CAI is developing standards & specifications for a "simple, extensible and distributed media provenance solution". The initial mission of the CAI is to develop the industry standard for content attribution. It is developed by Adobe with input from the BBC, Microsoft, the New York Times and Witness (Sam Gregory).
CAI uses [[Extensible Metadata Platform (XMP)]] to embed a URL within a file that can point at a 'Claim', which is a JSON based descripition of assertions.
CAI use the term 'provenence' to describe metadata surrounding the creation of media. The goal is not to "provide value judgments about whether a given set of provenance data is 'good' or 'bad', merely whether the data can be verified as associated with the underlying asset, correctly formed, and free from tampering."
The CAI vision is that metadata is captured at generation (a photograph is taken), then endures thorugh subsequent image editing software (Photoshop), CMS publishing, social-media sharing. "CAI data will travel with the asset and any user who sees the asset posted by any other user, will be able to investigate the source and original context of the asset." Part of the ambition of the project is to support fact-checking and limit deep-fakes.

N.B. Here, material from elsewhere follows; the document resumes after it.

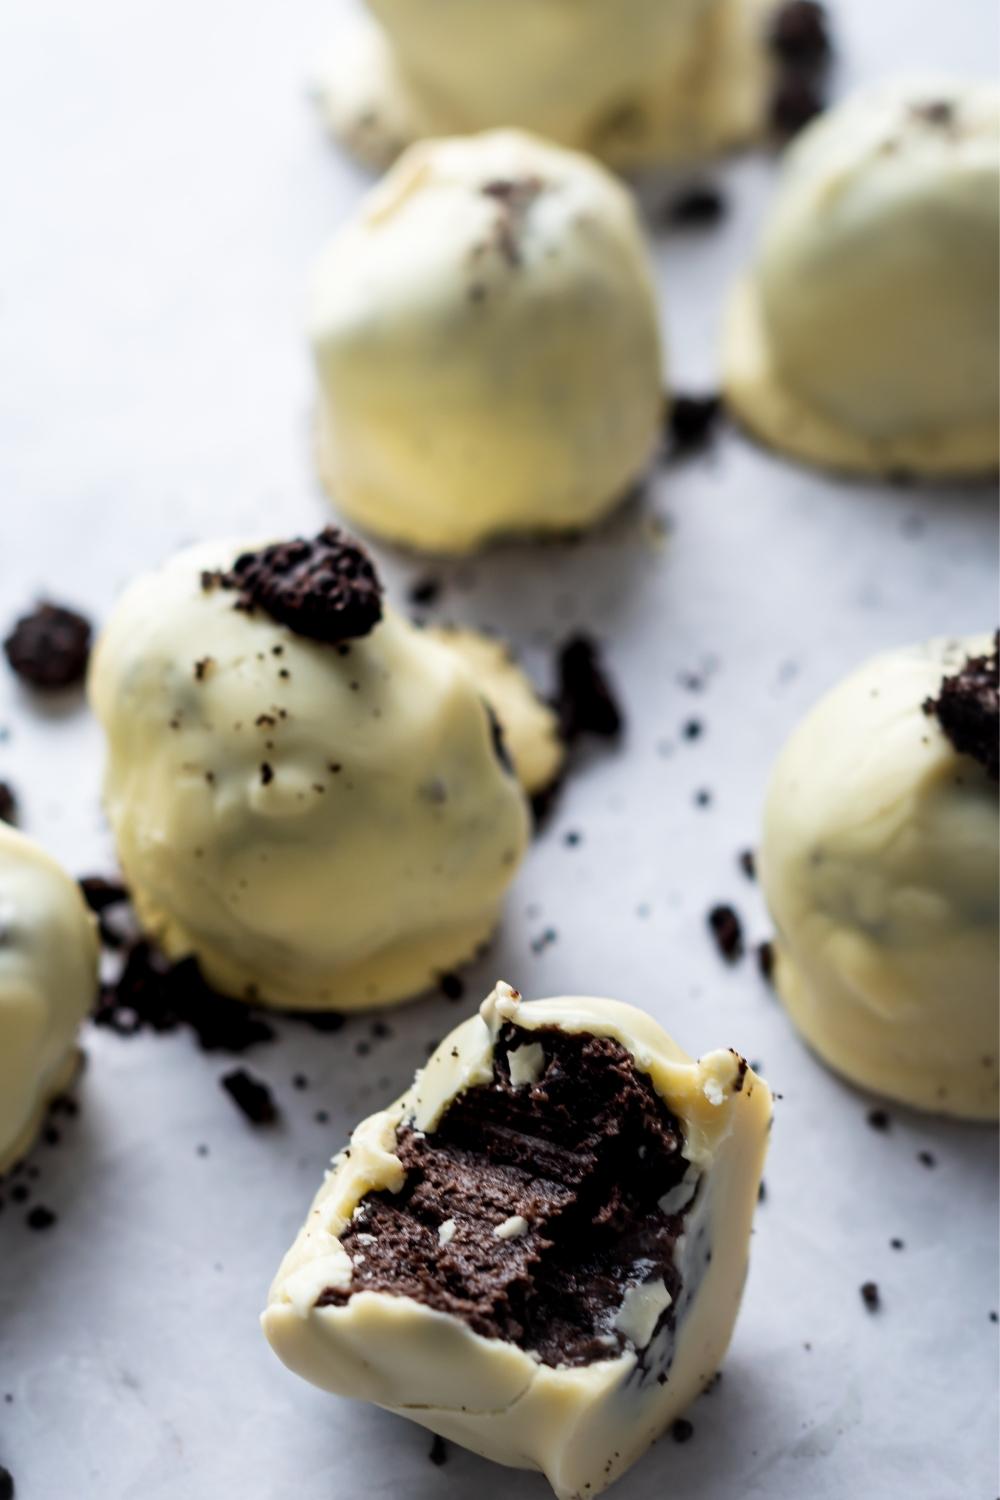 A close up of oreo balls on parchment paper. Each oreo ball is dipped in white chocolate and topped with crumbled oreos. One oreo ball has a bite taken out of it.

The white paper is: https://documentcloud.adobe.com/link/track?uri=urn%3Aaaid%3Ascds%3AUS%3A2c6361d5-b8da-4aca-89bd-1ed66cd22d19
As shown in “Workflows” above, each of the actors that create or process an asset will produce one or more assertions about what they did, when they did it, and (if possible) on behalf of whom. An assertion is typically a JSON-based data structure which represents a declaration made by an actor about an asset at a specific time. Some of these actors will be human and add human-generated information (e.g. copyright) while others are machines (software/hardware) providing information they generated (e.g. camera type or device time). Each type of assertion is either defined in the CAI specification, defined by other metadata standards such as XMP or schema.org or can be custom data for a particular actor or workflow. Assertions are cryptographically hashed and their hashes are gathered together into a claim. A claim is a digitally signed data structure that represents a set of assertions along with one or more cryptographic hashes on the data of an asset. The signature ensures the integrity of the claim and makes the system tamper-evident. A claim can be either directly or indirectly embedded into an asset as it moves through the life of the asset. Each time the asset reaches a specific key point in its lifecycle, such as initial creation, completion of some editing operations, publication to social media, etc. a new set of assertions and a claim are created. Each new claim refers to the previous claim, thus creating a chain of provenance for the asset
https://contentauthenticity.org/
There are 'trust lists' which are lists of verified providers, similar to the EU's Trust lists in eiDAS regulation. This relate to the hardware or software manufacturer and can be used to offer psuedonomymity for content provenance (the white paper gives an example of human rights activist). Identity is provided by [[Decentralized Identifiers]] URIs.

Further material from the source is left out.